• [EXERCISE GOAL]:
Pictures do not belong in your copy. Repeat all the other data exactly.

• [MATERIAL PROVIDED]:
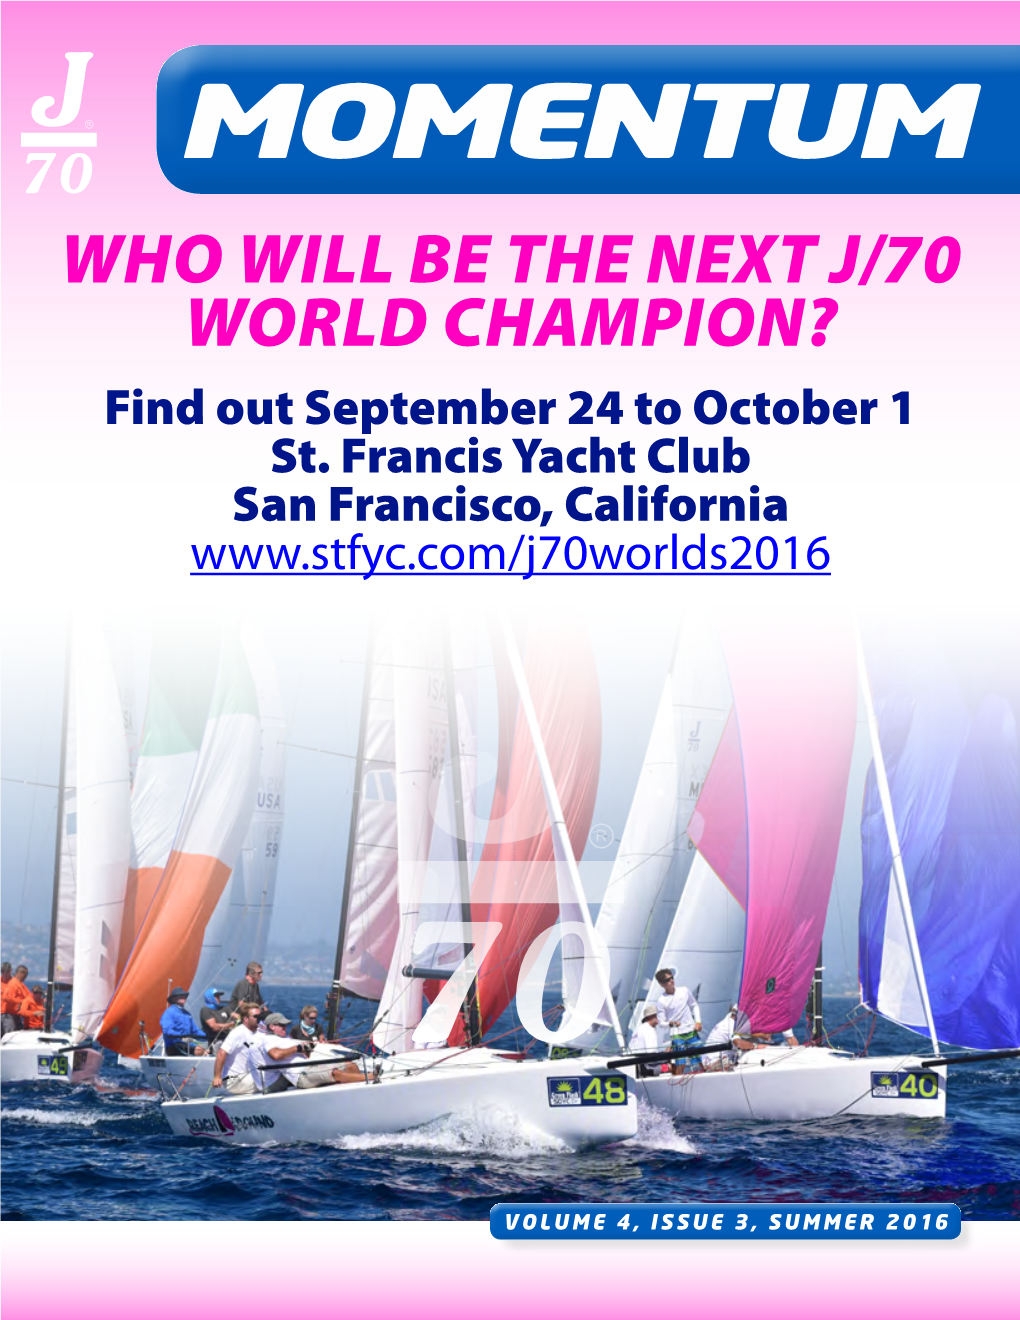 MOMENTUM WHO WILL BE the NEXT J/70 WORLD CHAMPION? Find out September 24 to October 1 St
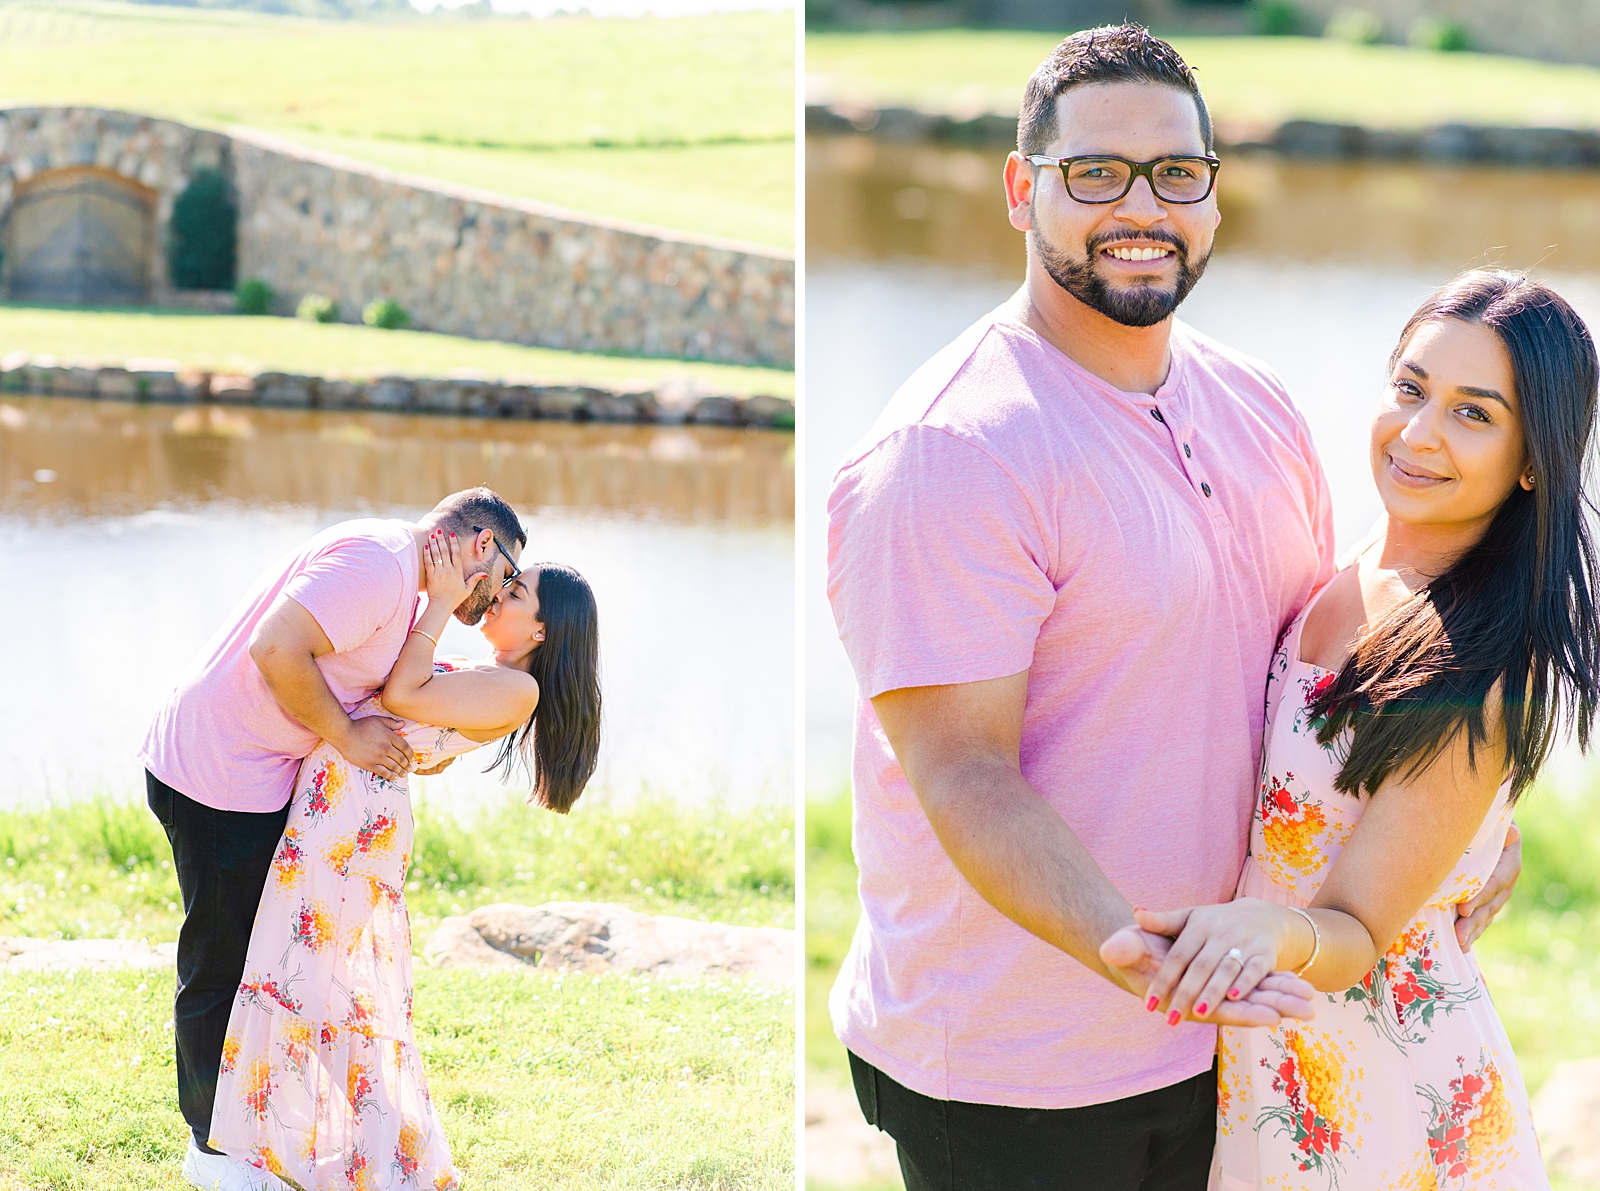 Stone Tower Winery Proposal Photographer StoneTowerWineryProposalPhotograph Stone Tower Winery Wedding Stone Tower Winery Wedding Photographer Stone Tower Winery Wedding Photography by Manali Photography DC Wedding Photographer
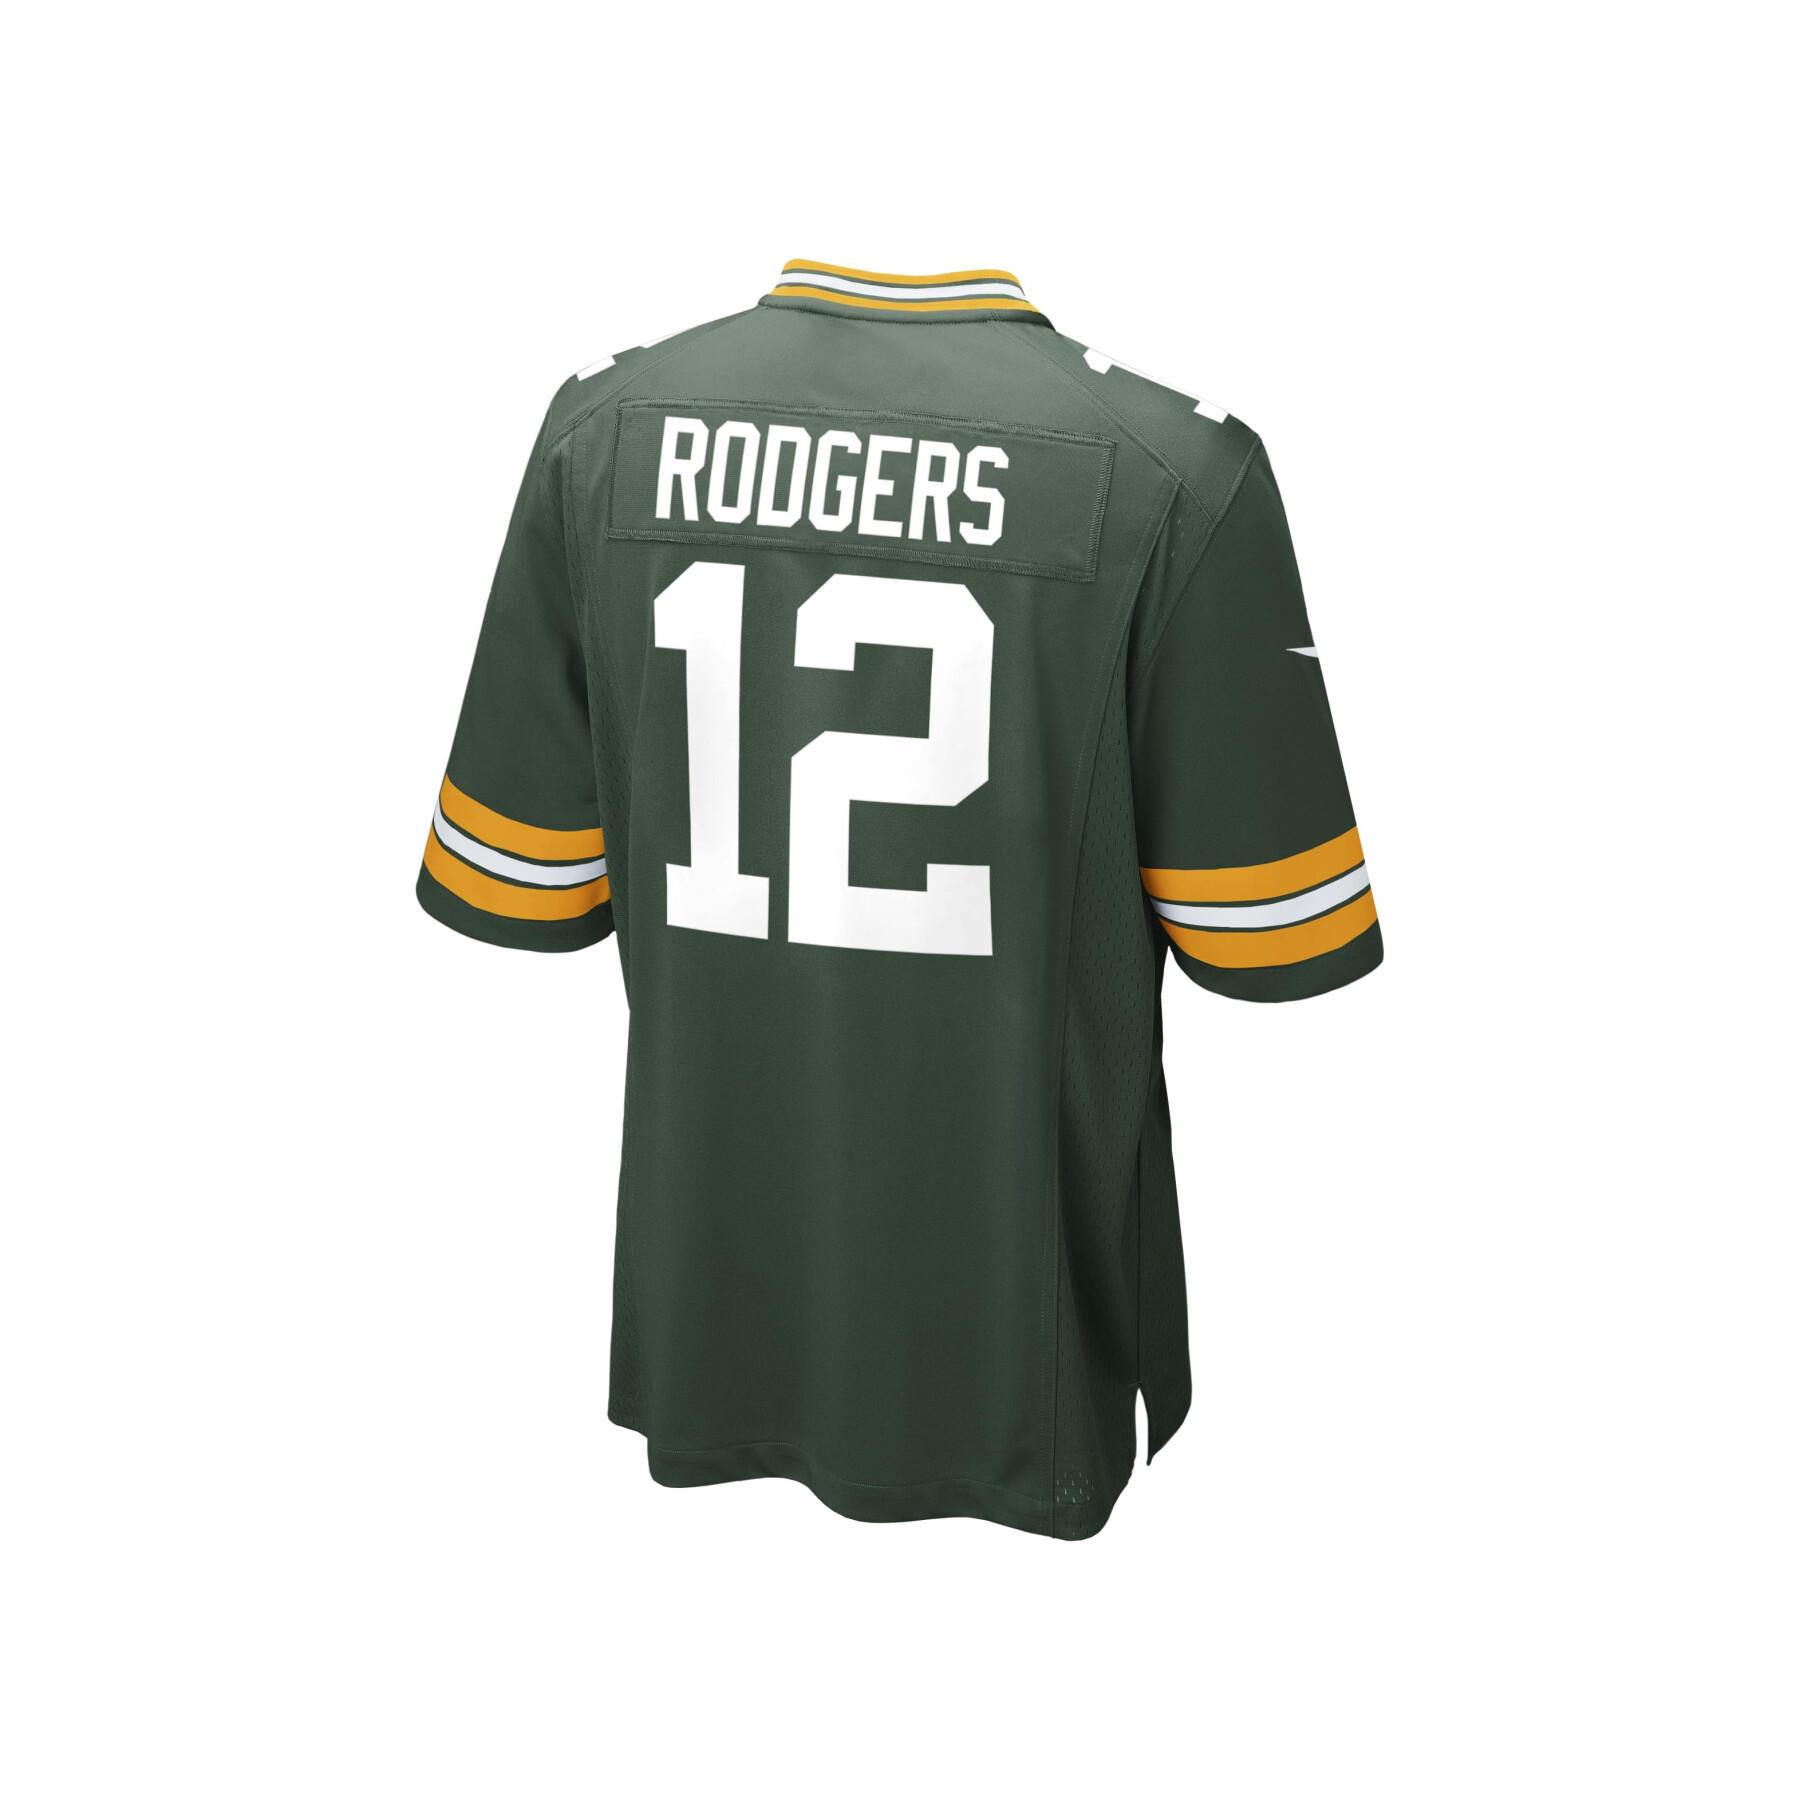 Camisola Green Bay Packers "Aaron Rodgers" temporada 2021/22

• [RESULT FOR THIS TASK]:
 MOMENTUM WHO WILL BE the NEXT J/70 WORLD CHAMPION? Find out September 24 to October 1 St
 Stone Tower Winery Proposal Photographer StoneTowerWineryProposalPhotograph Stone Tower Winery Wedding Stone Tower Winery Wedding Photographer Stone Tower Winery Wedding Photography by Manali Photography DC Wedding Photographer
 Camisola Green Bay Packers "Aaron Rodgers" temporada 2021/22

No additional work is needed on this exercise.